FIG. 14 shows a 0.5×50 μm slit opening microslit filter used to filter a solution of polymeric particles that ranged in size from 1.0 to 15 μm diameter and comprising three distinct compositions (polystyrene, polyethylene, and polymethylmethacrylate). The particles were dissolved to a concentration of 1.0 μg/mL in PBS pH 7.4. Centrifugation was used (600 XG, 20 minutes) to filter 500 μL solution samples. An optional wash step was performed by passing 500 μL of MillliQ water through the spin columns (centrifuged as before). Each microslit filter was then extracted from the spin columns and potted onto MirrIR slides (aluminum coated glass slides; a.k.a. “Kelvey slides”) using Norland 68, optical-grade, UV-cured adhesive. This potting process provided an infrared (IR) reflective background for subsequent analyses.

FIG. 14A shows images of the microslit filter affixed to the MirrIR slide after Norland 68 bonding.

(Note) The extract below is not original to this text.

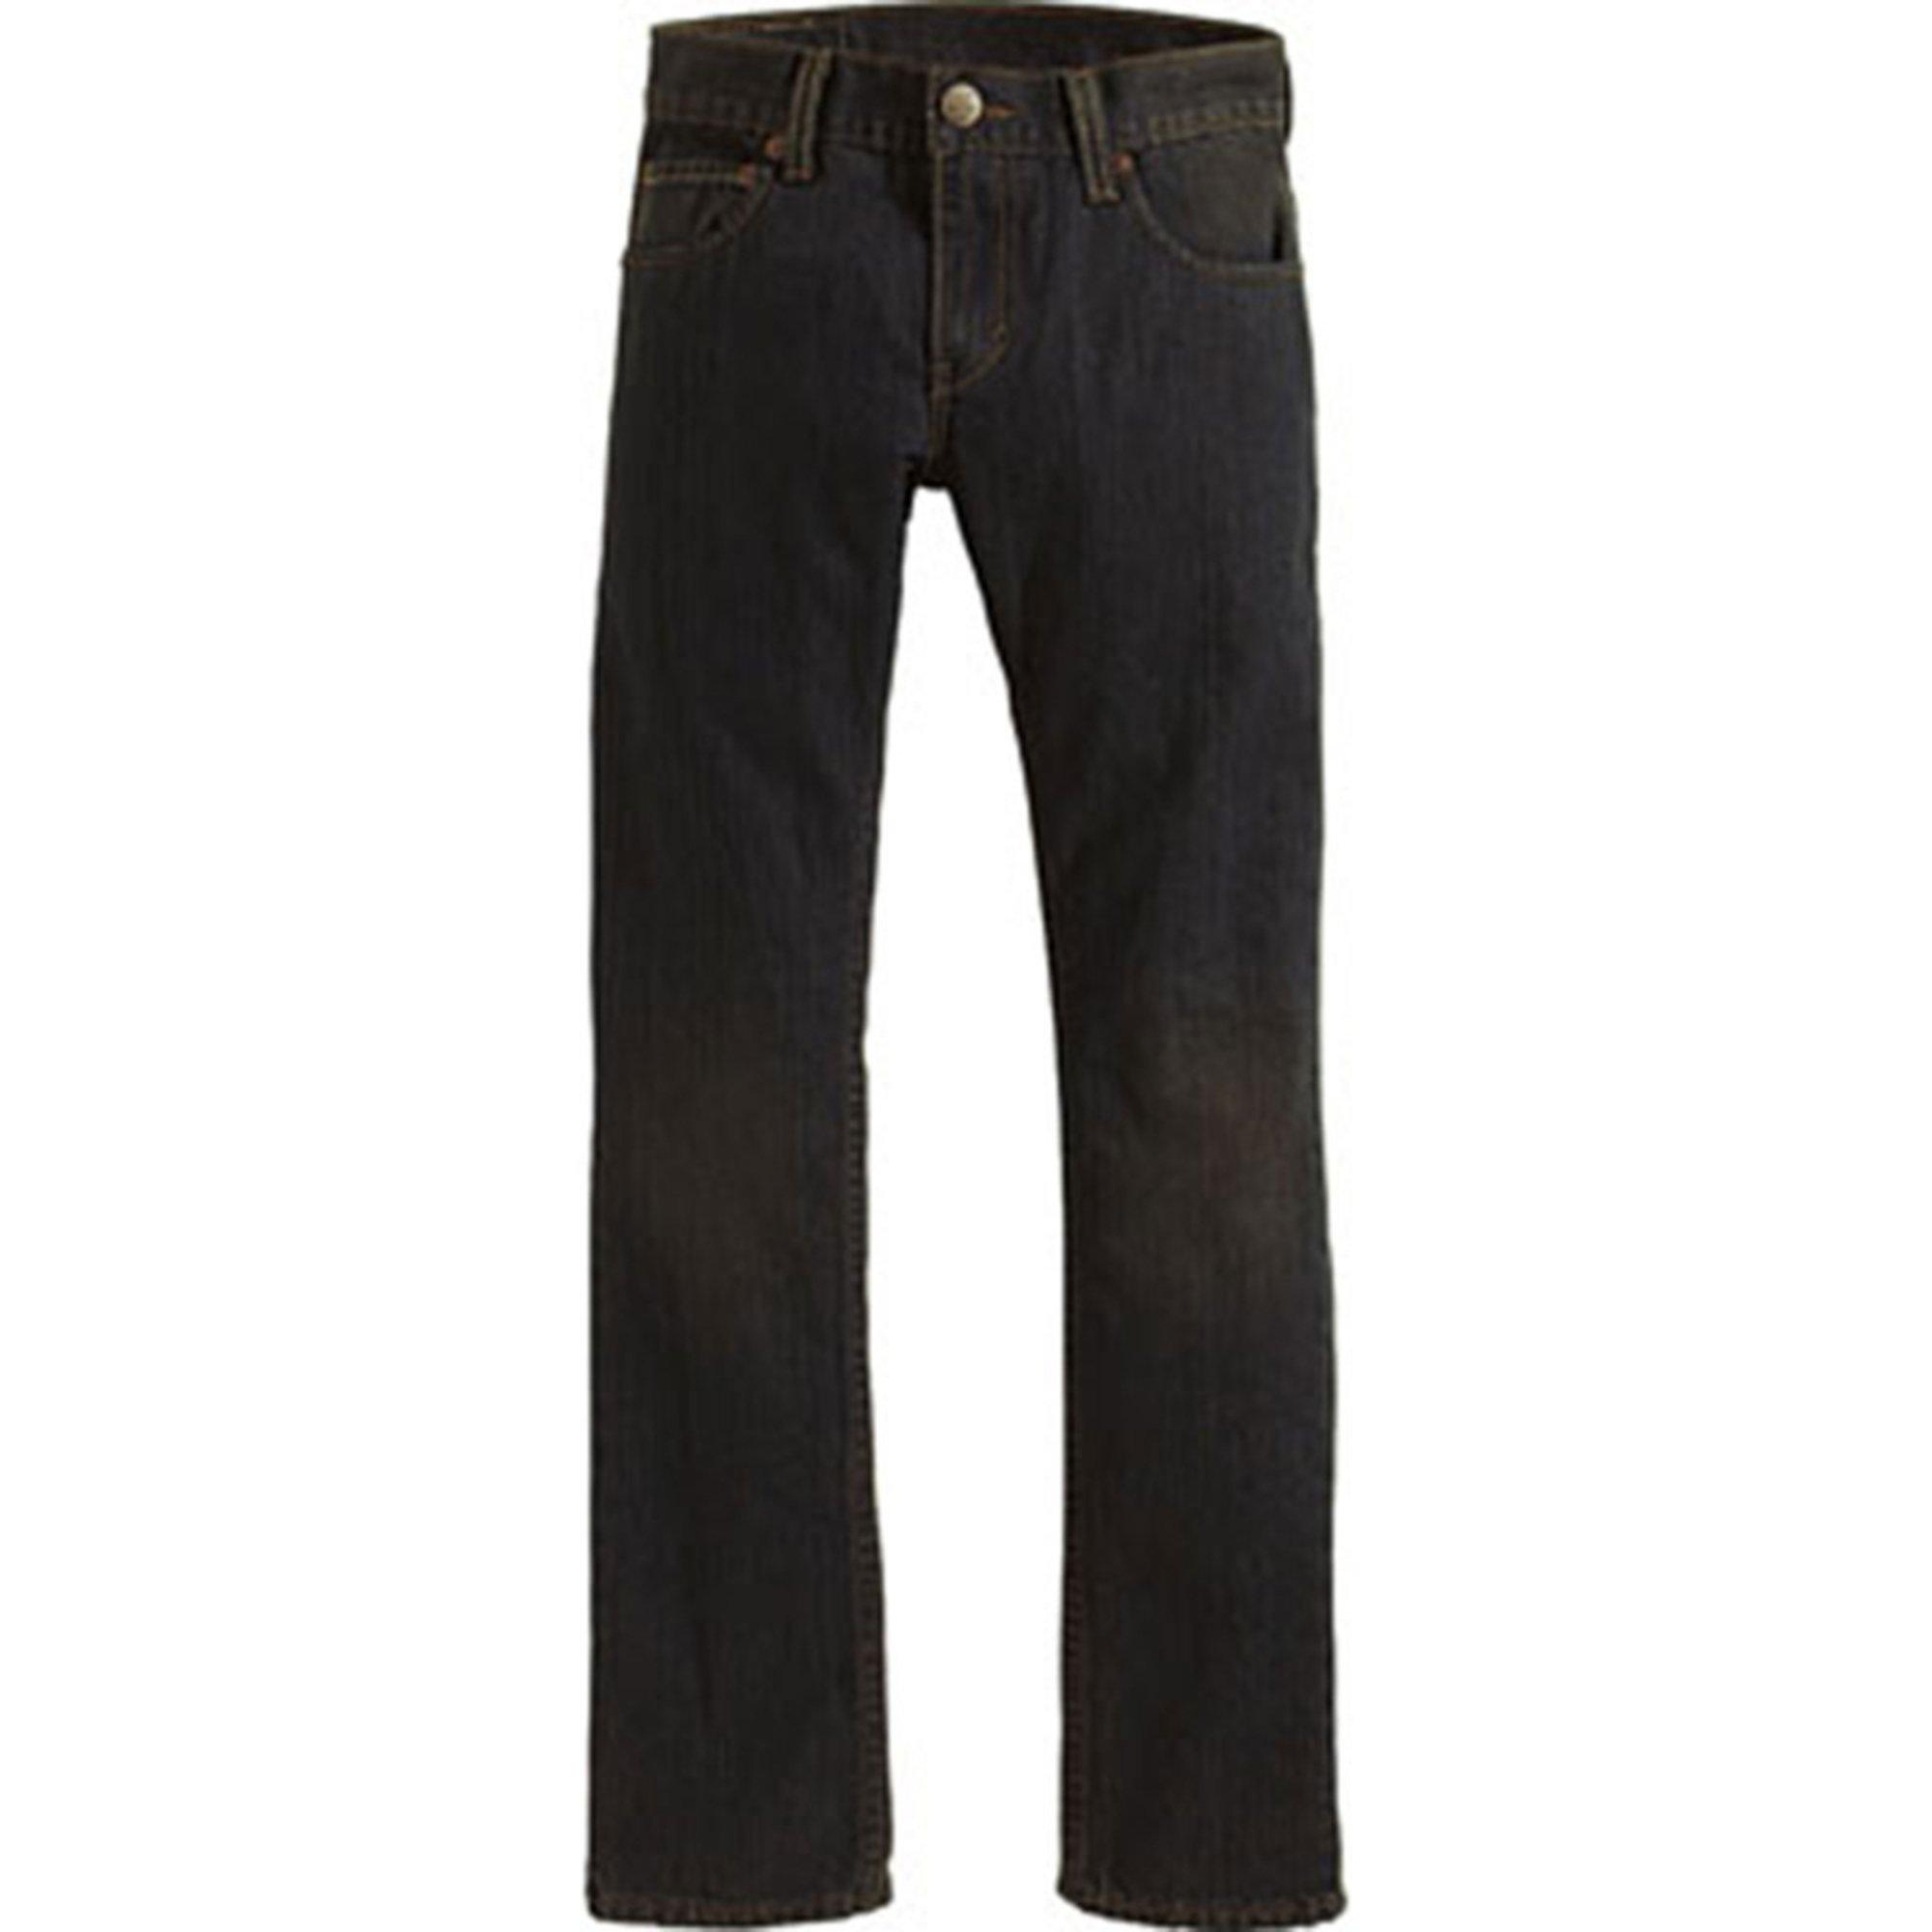 2b14d5b4 Boys' Jeans | Shop Your Navy Exchange - Official Site

FIG. 14B shows a phase contrast light microscopy image of the Microslit filter in 14A at higher magnification, enabling resolution of the polymethylmethacrylate (PMMA) particles retained on the microslit filter.

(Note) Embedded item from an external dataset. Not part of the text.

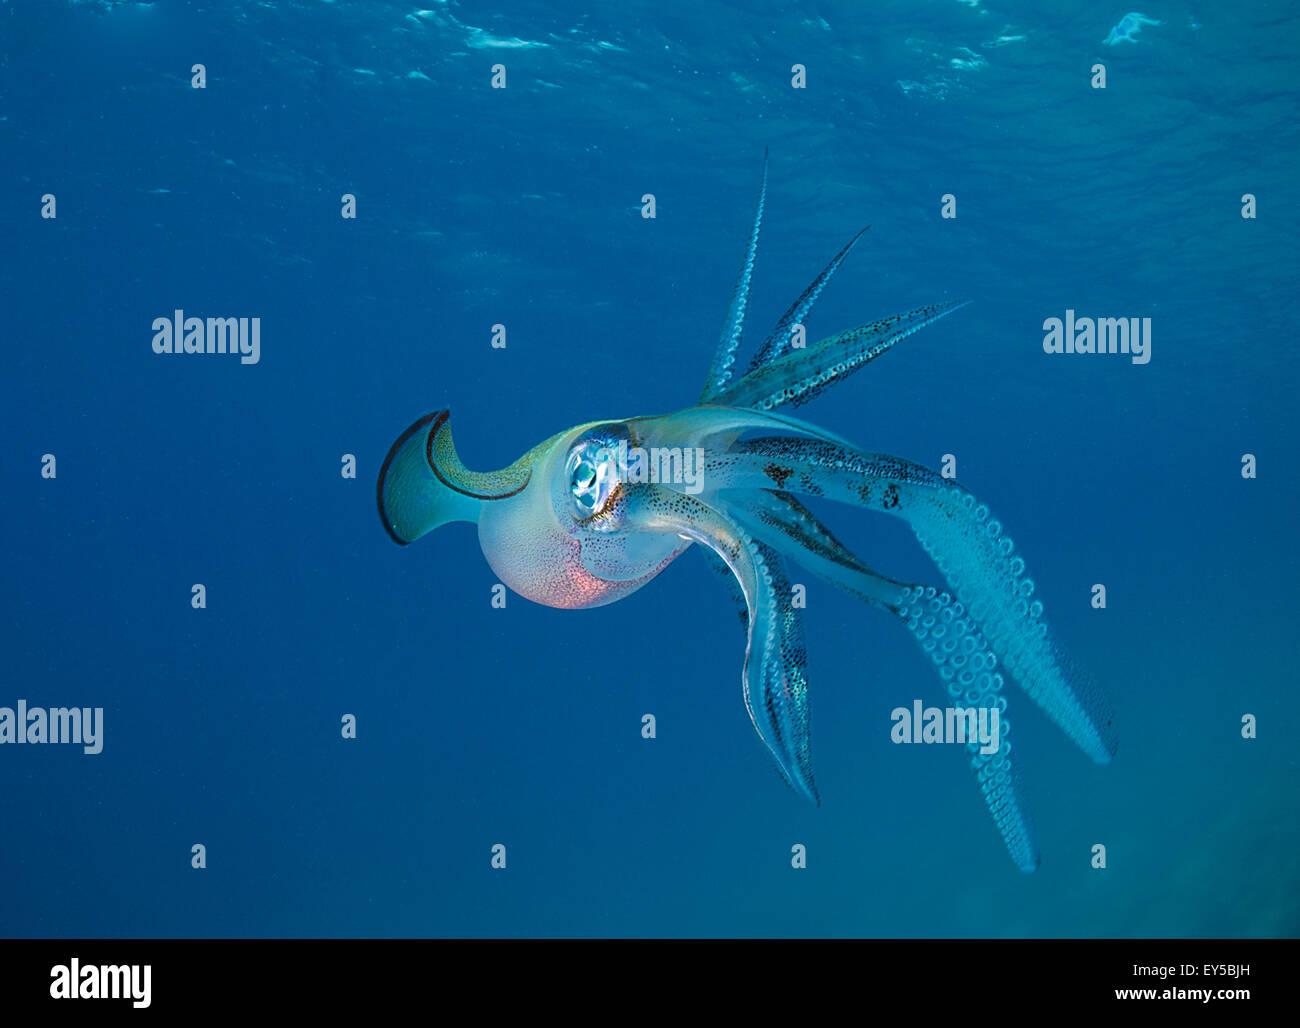 Bigfin reef Squid swimming under surface - Fiji - Stock Image

FIG. 15A shows a phase contrast light microscopy image of a microslit filter with retained polyethylene (PE) particles. FIG. 15B shows the same region of interest as in FIG. 15A, with equal magnification, using an Agilent 8700 LDIR at 1790 cm−1; 8 min, 1 μm pixel size. These data demonstrate a strong IR signature of the microplastic particles retained on the membrane surface relative to standard light microscopy.

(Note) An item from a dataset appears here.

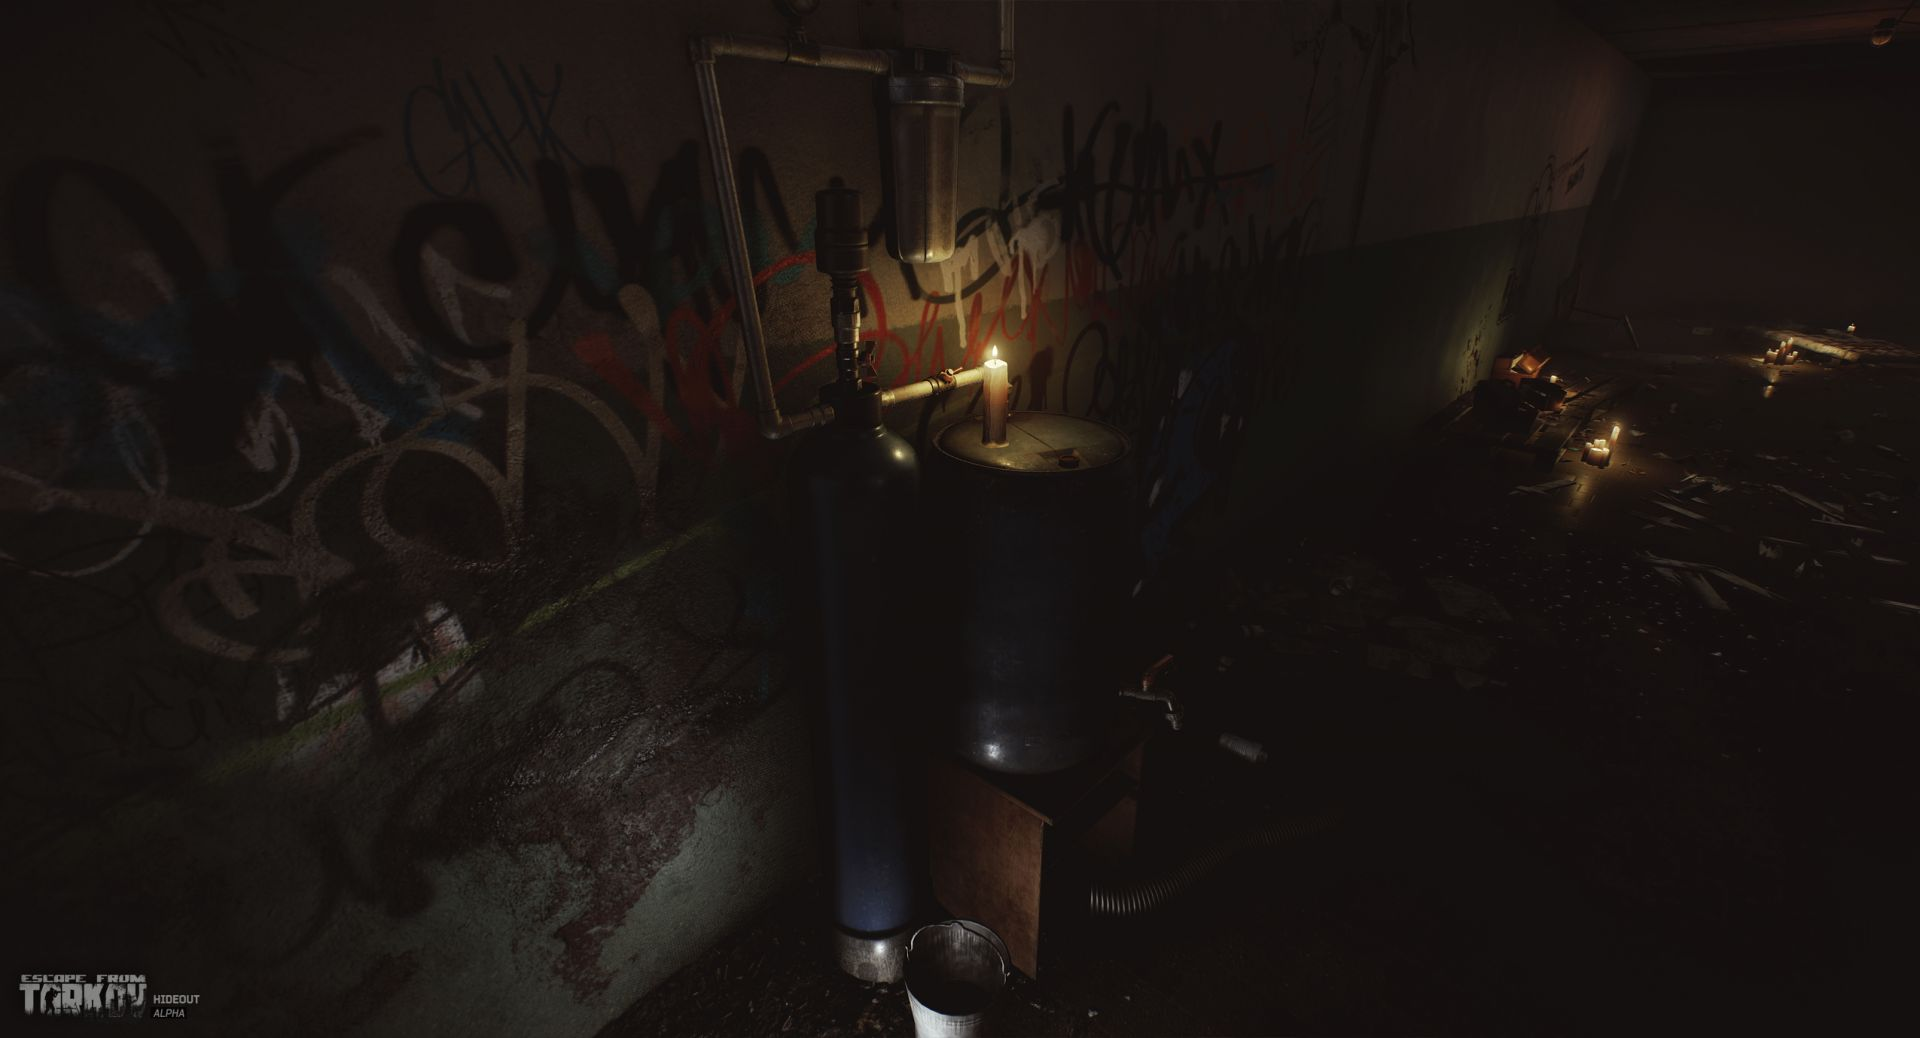 escapefromtarkov_hideout8

FIG. 16 demonstrates an FTIR microscopy workflow for the identification and quantitation of unknown components (e.g. microplastic particles) captured by the microslit filter from a liquid sample (e.g., a water sample). A similar workflow could be used for another spectroscopy methods for the analytical assay (e.g., Raman or electron dispersive spectroscopy). FIG. 16A shows a region-enhanced composite image of PMMA microparticles retained on a Microslit filter using phase contrast light microscopy. FIG. 16B demonstrates an image of the same membrane and region of interest taken using imaging FTIR. FIG. 16C demonstrates the automated identification of a plastic particle using an algorithm to register and then to identify the particle's composition (example shows a 10 μm diameter polymeric particle). The 8700 LDIR software demonstrating a 10-micron particle). FIG. 16D shows the IR spectra of the 10 μm particle compared to a reference spectrum drawn from a reference library, showing that the particle's composition most closely matches that of PMMA.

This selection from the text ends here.